Wide-field fluorescence image of the PCP complexes on 1.1-μm-diameter silica nanoparticles and their fluorescence intensity. (a) Wide-field fluorescence image of the PCP complexes deposited on silica nanoparticles with a diameter of 1.1 μm. Excitation wavelength was 480 nm. (b) Histogram of the fluorescence intensity calculated from the wide-field fluorescence image. (c) Cross section of the fluorescence intensity obtained for the three nanoparticles shown in Figure 2a.

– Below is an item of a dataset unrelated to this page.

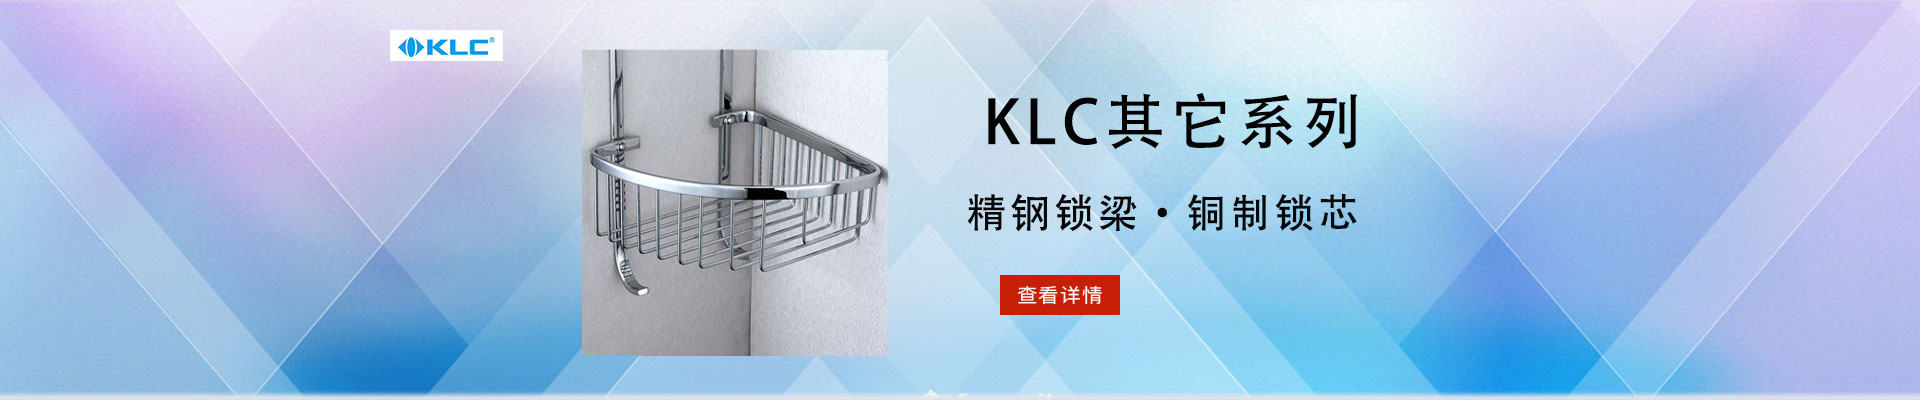 KLC|锁

The enhancement factor of the fluorescence depends upon the size of dielectric particles. In Figure 3, we show a dataset similar to the one discussed above, but obtained for smaller particles, having a diameter of 600 nm. In the fluorescence map (Figure 3a), we also can see ring-like emission patterns that originate from the PCP complexes placed in the vicinity of the silica spheres. Analogous analysis has been carried out for this structure in order to estimate the influence of silica nanoparticles upon the collection efficiency of the fluorescence. In this case the fluorescence map shows however substantial inhomogenities of the emission intensity of the PCP complexes away from the nanoparticles, as evidenced by the intensity histogram (Figure 3b). An intensity cross section displayed in Figure 3c features the increase of the intensity at the edges of the nanoparticles; however, the scale of the enhancement is lower than that in the case of 1,100-nm particles. Although the particle doublet shown in Figure 3c might be on the lower side of enhancement factors measured for this structure, we have not observed cases with the increase larger than twofold. The comparison between the fluorescence images obtained for the PCP complexes deposited on 1,100- and 600-nm silica spheres suggests that the enhancement of collection efficiency could depend upon the diameter of dielectric particles, but a clear answer can be given perhaps after performing single-molecule fluorescence studies in this geometry.

Figure 3
figure 3

Wide-field fluorescence image of the PCP complexes on 0.6-μm-diameter silica nanoparticles and their fluorescence intensity. (a) Wide-field fluorescence image of the PCP complexes deposited on silica nanoparticles with a diameter of 0.6 μm. Excitation wavelength was 480 nm. (b) Histogram of the fluorescence intensity calculated from the wide-field fluorescence image. (c) Cross section of the fluorescence intensity obtained along the black line 1 for the three nanoparticles shown in Figure 3a.

In order to verify that the emission observed using a wide-field microscope is indeed associated with the PCP complexes, we obtain fluorescence spectra and decay curves for an identically prepared structure. The confocal image, in contrast to the wide-field image, consists of bright spots spread over otherwise quite uniform background. We attribute the spots to the emission of the PCP complexes close to the silica nanoparticles, and the background originates from the PCP complexes placed far away from the nanoparticles. The absence of the ring-like structure on the confocal images is a result of much lower numerical aperture of the collection optics (0.5 vs. 1.4), which results in much lower spatial resolution of the experiment. After collecting such a confocal image, we measured spectra and decays for several tens of bright spots and compare the result with the data obtained for the areas free of the nanoparticles. An example of the results is displayed in Figure 4. The comparison of the fluorescence spectra measured for the PCP complexes on and off the nanoparticles (Figure 4a) indicates that the coupling with the nanoparticles leaves no effect upon the spectral shape of the emission. The only impact concerns the total fluorescence intensity and the result that is intact with the observations made by wide-field microscopy. The average enhancement of the fluorescence emission obtained from this comparison is equal to 3. Similarly, the transient behavior of the fluorescence intensity is also identical for the PCP complexes placed on and off the silica nanoparticles (Figure 4b). Unchanged lifetimes indicate that the interaction between the nanoparticles and the photosynthetic complexes induces no changes in the radiative properties of the chlorophyll molecules that are responsible for the fluorescence emission.

Figure 4
figure 4

Emission spectra and fluorescence decay curves of the PCP complexes. (a) Emission spectra of the PCP complexes deposited on (red) and off (black) silica nanoparticles. (b) Fluorescence decay curves of PCP deposited on (red) and off (black) silica nanoparticles. The excitation wavelength for both experiments was 480 nm. The transients are normalized, and the one measured for the PCP complexes off the silica nanoparticles was shifted vertically (multiplied by 10) for clarity.


We find that coupling of photosynthetic, chlorophyll-containing complexes with dielectric silica nanoparticles leads to an enhancement of the fluorescence emission. The interaction leaves no measurable effect on the shape of the emission as well as on the transient behavior of the fluorescence. We conclude that the effect of fluorescence enhancement originates from high scattering of electromagnetic field by dielectric nanoparticles that leads to improvement of the collection efficiency. Although several aspects of the results described in this work are still to be understood completely, the experiment is a vital step towards assembling functional nanostructures that exploit enhancement effects associated with dielectric nanoparticles.